CONSOLIDATE_THRESHOLD = 10

def consolidate_memories():
    """合并重复/过时的记忆。当文件数量≥阈值时触发。"""
    files = list_memory_files()
    if len(files) < CONSOLIDATE_THRESHOLD:
        return

    catalog = "\n\n".join(
        f"## {f['filename']}\nname: {f['name']}\ndescription: {f['description']}\n{f['body']}"
        for f in files
    )

    prompt = (
        "整合以下记忆文件。规则:\n"
        "1. 将重复项合并为一个\n"
        "2. 删除过时/矛盾的记忆\n"
        "3. 保持总数在30个记忆以下\n"
        "4. 首先保留重要的用户偏好\n"
        "返回一个JSON数组。每个项目:{name, type, description, body}。\n\n"
        f"{catalog[:16000]}"
    )

    try:
        response = client.chat.completions.create(
            model=MODEL, messages=[{"role": "user", "content": prompt}], max_tokens=3000
        )
        text = response.choices[0].message.content.strip()
        match = re.search(r'\[.*\]', text, re.DOTALL)
        if not match:
            return
        items = json.loads(match.group())

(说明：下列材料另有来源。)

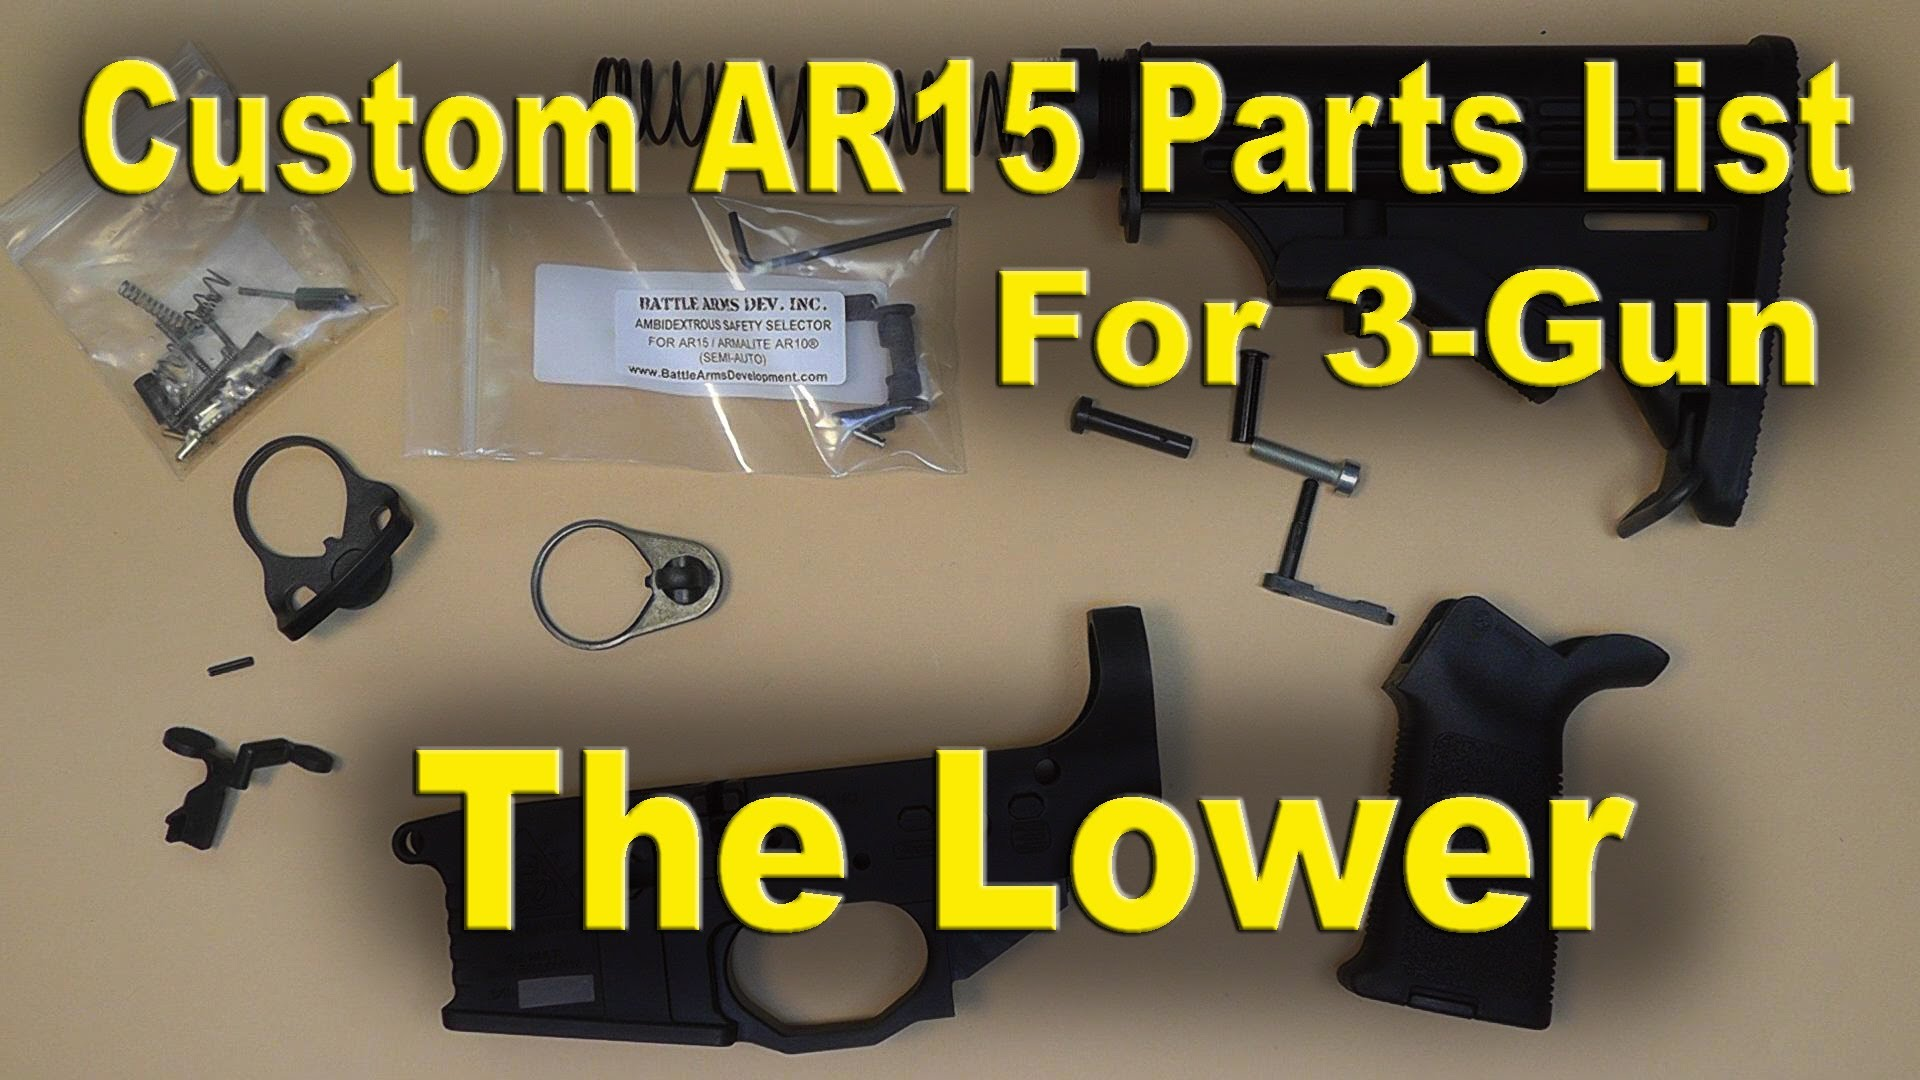 AR-15 Lower Parts List for a Custom 3-Gun Rifle

        # 删除旧的记忆文件(保留MEMORY.md)
        for f in MEMORY_DIR.glob("*.md"):
            if f.name != "MEMORY.md":
                f.unlink()

        for mem in items:
            name = mem.get("name", f"memory_{int(time.time())}")
            mem_type = mem.get("type", "user")
            desc = mem.get("description", "")
            body = mem.get("body", "")
            if desc and body:
                write_memory_file(name, mem_type, desc, body)

        print(f"\n\033[33m[记忆:整合了{len(files)} → {len(items)}个记忆]\033[0m")
    except Exception:
        pass


# 构建带有记忆索引的SYSTEM提示
def build_system() -> str:
    index = read_memory_index()
    memories_section = f"\n\n可用记忆:\n{index}" if index else ""
    return (
        f"你是位于{WORKDIR}的编码代理。"
        f"{memories_section}\n"
        "相关记忆已注入下方。尊重记忆中的用户偏好。\n"
        "当用户说'remember'或表达明确偏好时,将其提取为记忆。"
    )

SUB_SYSTEM = (
    f"你是位于{WORKDIR}的编码代理。"
    "完成分配给你的任务,然后返回简洁的摘要。"
    "不要进一步委派。"
)


# ═══════════════════════════════════════════════════════════
#  来自s02-s08(骨架):基本工具
# ═══════════════════════════════════════════════════════════

def safe_path(p: str) -> Path:
    """安全路径检查,确保路径在工作区内"""
    path = (WORKDIR / p).resolve()
    if not path.is_relative_to(WORKDIR): raise ValueError(f"路径逃逸工作区:{p}")
    return path

def run_bash(command: str) -> str:
    """运行bash命令"""
    try:
        r = subprocess.run(command, shell=True, cwd=WORKDIR, capture_output=True, text=True, timeout=120)
        out = (r.stdout + r.stderr).strip()
        return out[:50000] if out else "(无输出)"
    except subprocess.TimeoutExpired: return "错误:超时(120秒)"

def run_read(path: str, limit: int | None = None) -> str:
    """读取文件内容"""
    try:
        lines = safe_path(path).read_text().splitlines()
        if limit and limit < len(lines): lines = lines[:limit] + [f"... (还有{len(lines) - limit}行)"]
        return "\n".join(lines)
    except Exception as e: return f"错误:{e}"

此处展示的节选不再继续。